Jared: Your work seems to be primarily displayed in galleries/museums, but you experiment in media associated with mass-distribution such as books. Have you thought of publishing your art in book form rather than displaying it in the gallery setting?Chronographie Terrestre would also seem to operate quite nicely as a book or an interactive digital archive. What do you feel the relationship between art and the emerging digital technologies should be?
Horst: Tapestry, mosaic, fresco, vase-painting, only to name a few, have already vanished. As serious art forms they don’t exist anymore. Lithography, etching, woodcut have become rare techniques. Painting, photography will probably follow. I am not familiar with digital art. I have done for some years lecture-performances with my panels via a video camera. I stopped that after having seen a film of one of the sessions. Not good enough, to my taste. Anyway, most video art I have seen looked like dilettante film to me. I am probably too old for these techniques.
Jared: Since I’ve been asking question primarily about your methods, I was thinking that maybe we could change gears & talk about your views on art overall. What do you see as art’s primary goal? Or does it (should it) even have one?
Horst: No Jared, I cannot tell what art is about. You are almost asking for the meaning of life. We don’t know it. Some need art to alter their existence, some need art to decorate their walls, others try to make money. There is no answer to what art is, to my knowledge. Nobody knows what art is, some will tell you what art is not. But that of course seems much easier. I think we should come back to simpler questions.
Jared: You seem to be a very international artist. Where do you find the best reception for your work?
Horst: My work has been shown in different countries, but that does not make me an international artist. Reception I have known little. Naturally, countries in which the languages English, French and German are spoken or understood are an advantage for the reception. Holland, Belgium, Switzerland and so forth. Small countries like Luxemburg are very good at languages and art friends there will probably have an easy access to my world.

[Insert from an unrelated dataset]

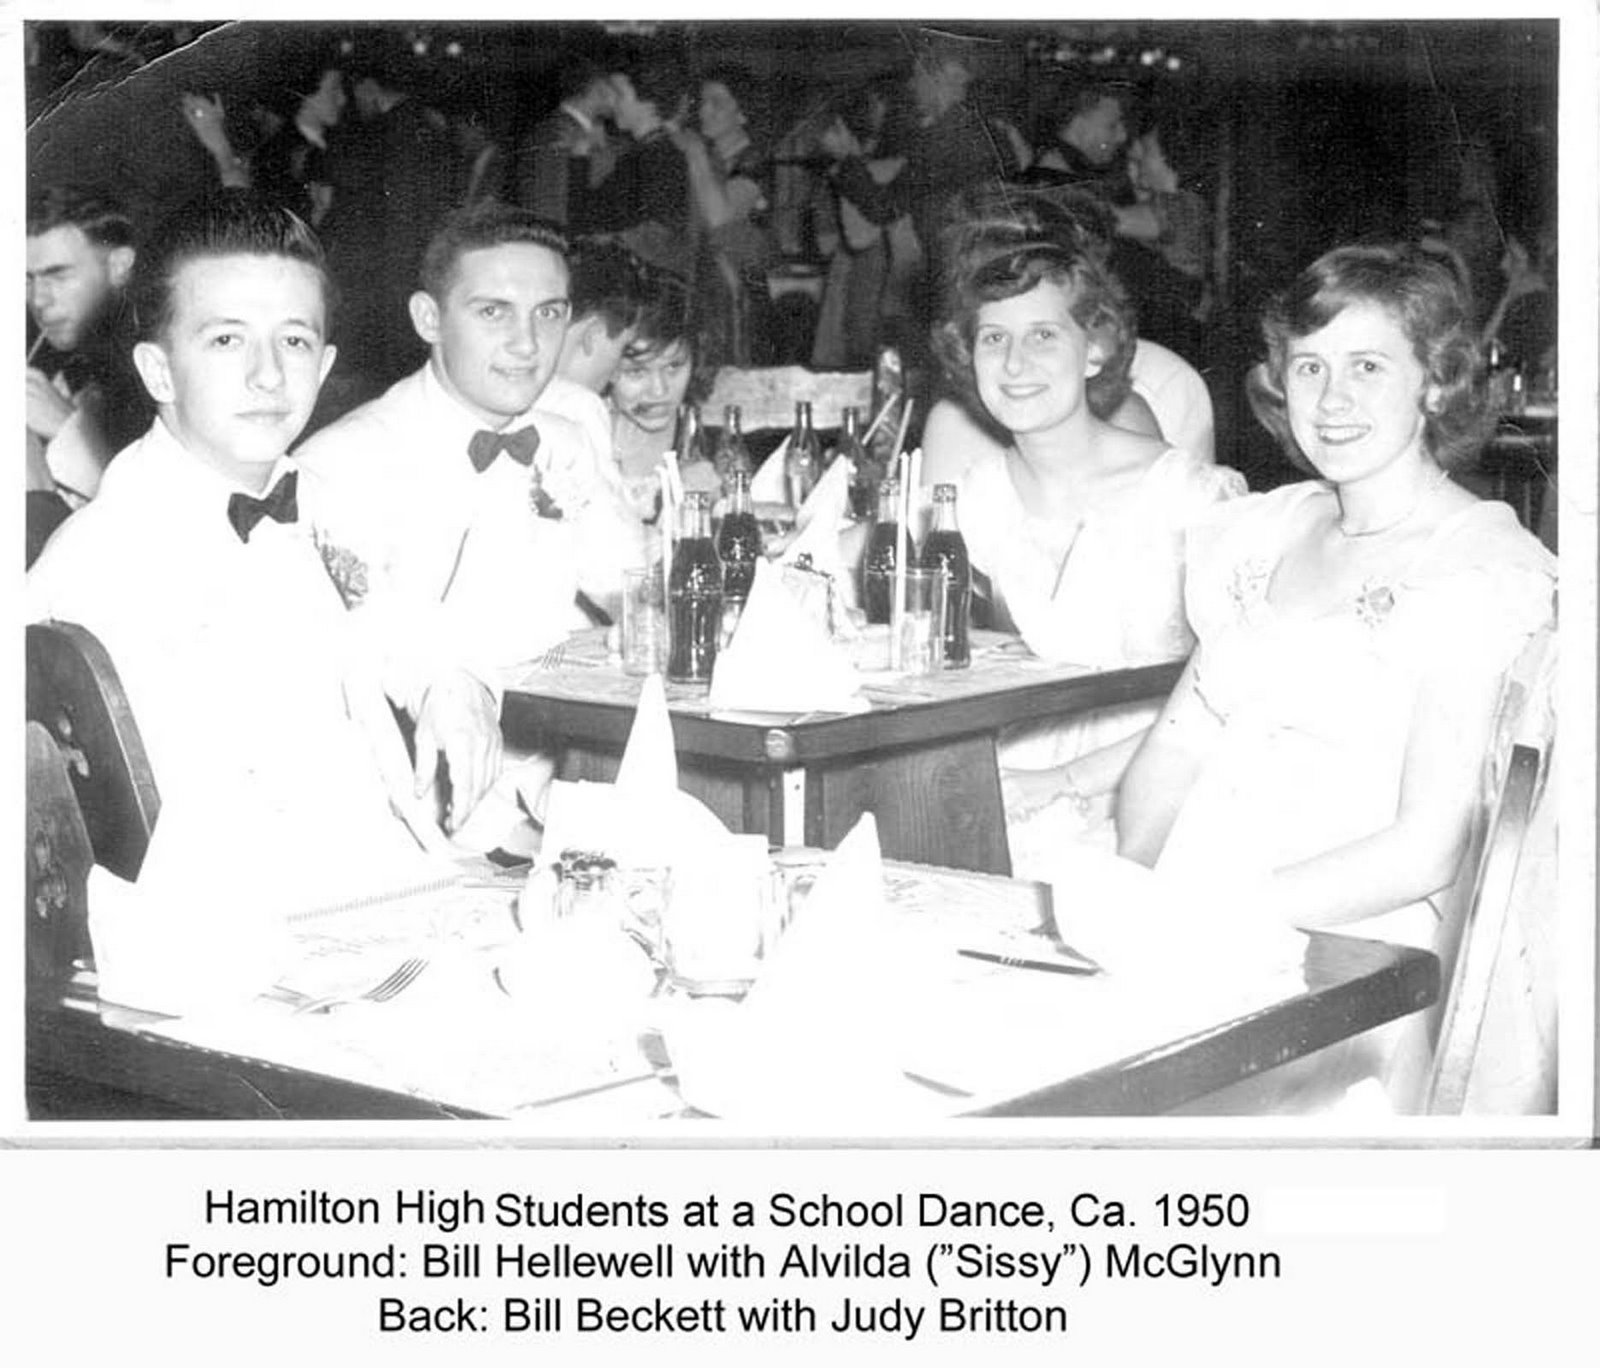 [1950+Ca.+1950+School+Dance+2+Couples+at+a+Table.jpg]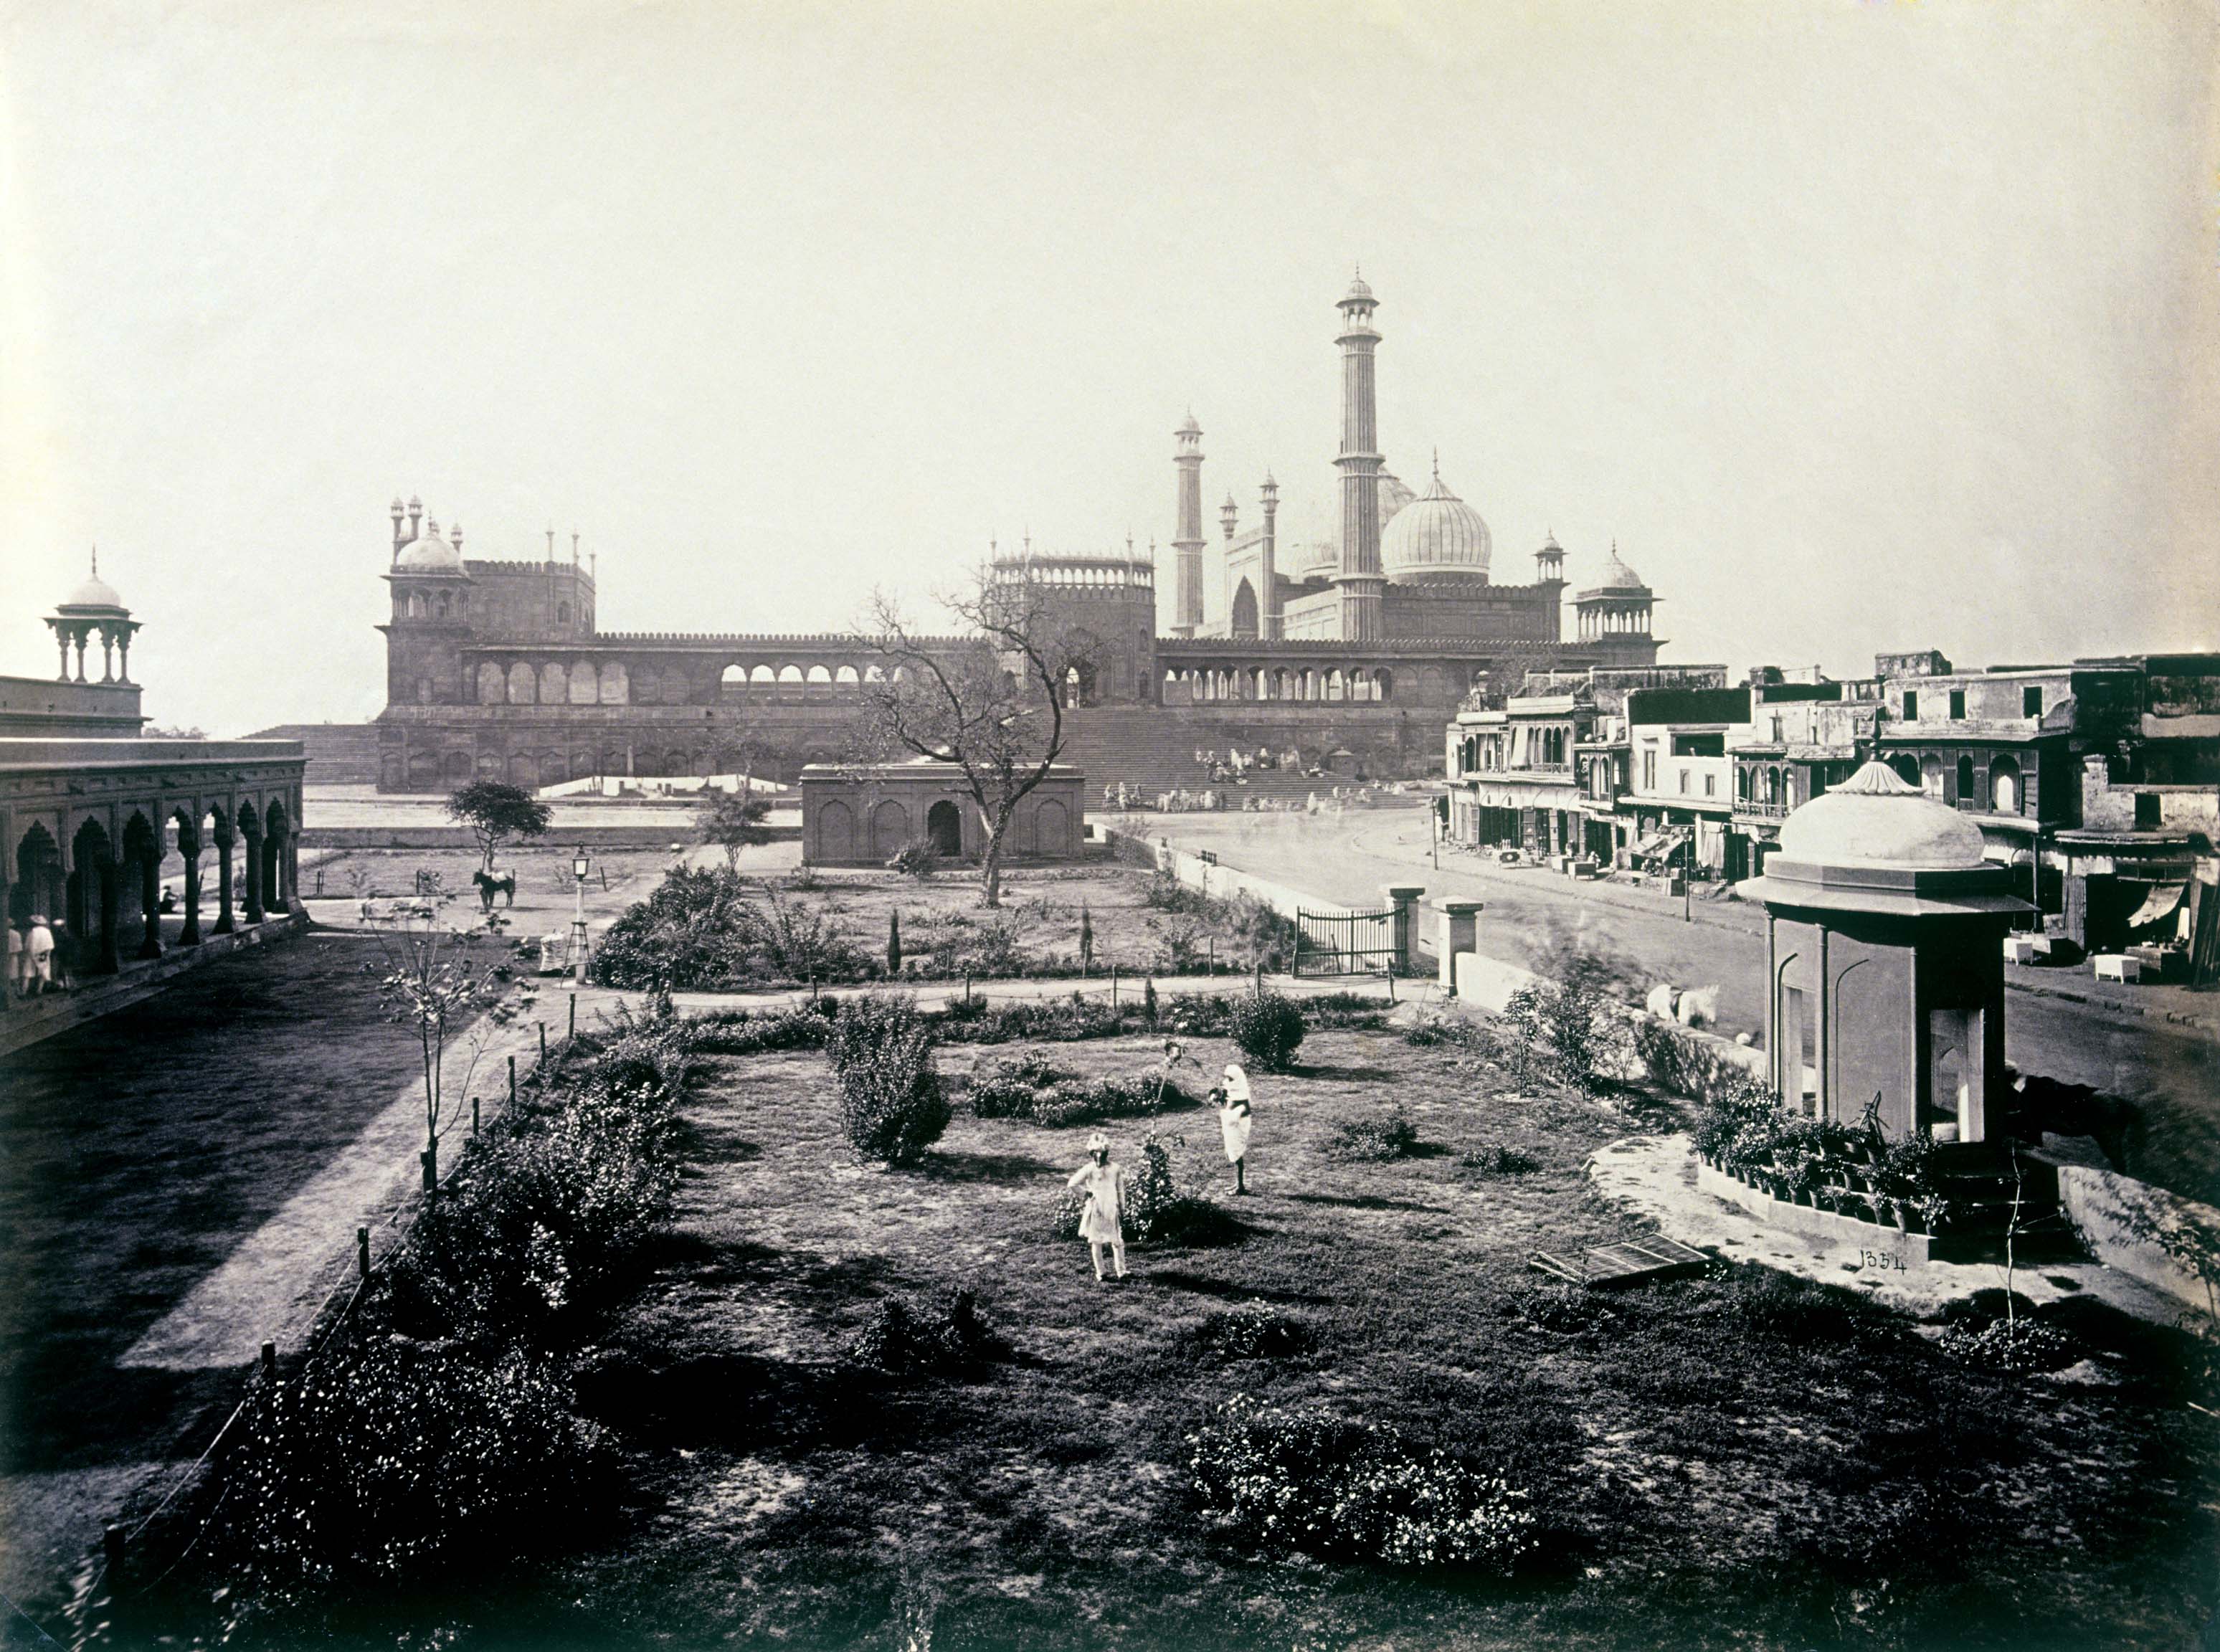 If one gives them a chance, some of the Historic Delhi images can make a familiar city appear utterly fresh

Jared: How has your artwork changed over the years and what has prompted those changes?
Horst: One day when I had finished installing the cabinet/ cage consisting of 76 panels, I said to the friend who had helped me, “Amazing, how the images, how the whole work has changed through the years.” He looked at it. “Yes ,” he said, “naturally, it is because you’ve stayed the same.” He was right. The world had changed. It does so every day, every hour.
Jared: Despite the changes in your art, you consistently use very lush, violent, and brilliant colors. What kinds of colors do you find the most productive? What do you think color adds to an artwork?
Horst: Take a vermillion red, paint some cherries and you may get haiku. Take ink blue, do the cherries and you get none. That is what color adds. On one hand, you have color without form, on the other form without color. Both together will increase /heighten /enhance each other considerably. I don’t like colors that remind me of vomitus.
Jared: Do you seek to elicit certain kinds of responses from viewers of your art? Or do you do prefer to leave the interpretation open to them?
Horst: No. I don’t have anything to teach. I hope my images are precise and attracting enough to raise the right questions. It’s up to the viewer to find the right answers.
Jared: So then do your artworks try to start a dialogue with their viewers? During your exhibitions, have you gotten a chance to observe viewers’ reactions to those artworks? If so, what kinds of responses were generated? One question that has been in my mind for a while is how both writers & visual artists can still engage audiences in a contemporary culture bombarded with texts & images. How does one stop their work from being passively absorbed as part of the information-flooded landscape?
Horst: You are right: our presence is bombarded with information like never before, with images and words. Nobody can assure that an artwork containing these elements will not be consumed as a poster or an advertising. How does an active onlooker behave? I have no idea. Most the time, visitors to my exhibitions complain about the complicated interaction between image and word. Children and youth have no problem with diving into the wall of panels and discover. Having grown up with comics instead with Proust or Twain, young art-lovers have much less difficulties. A possible dialogue with the audience would be that I ask the questions and the viewer tries the answer.
Jared: How was the response to this most recent show?
Horst: It is complicated. If an artist asks you what you think of his work, he secretly or openly wants to be praised. And of course, he wants you to say the truth. So I never ask.
Jared: What has attracted you to creating long-term projects like Chronographie Terrestre? Do such projects allow you to address topics or attempt experiments in a way that one-shot projects cannot? What’s keeps you motivated to adding to such projects?
Horst: I have artist friends whose studio, livingroom, bedroom, cave and garage are filled up with paintings that nobody wants. When I came to live in Paris in 1979, nobody wanted my stuff and I decided to shrink. Since I was poor, I choose a small format and poor materials, any piece of paper with the size 22×17 cm. It still is the same. 3o pieces made one month to begin with. As I said, nobody wanted what I was doing, so I was free to do anything of real concern without any consideration. The motivation was and probably still is to witness, to give testimony, to express: Horst has lived.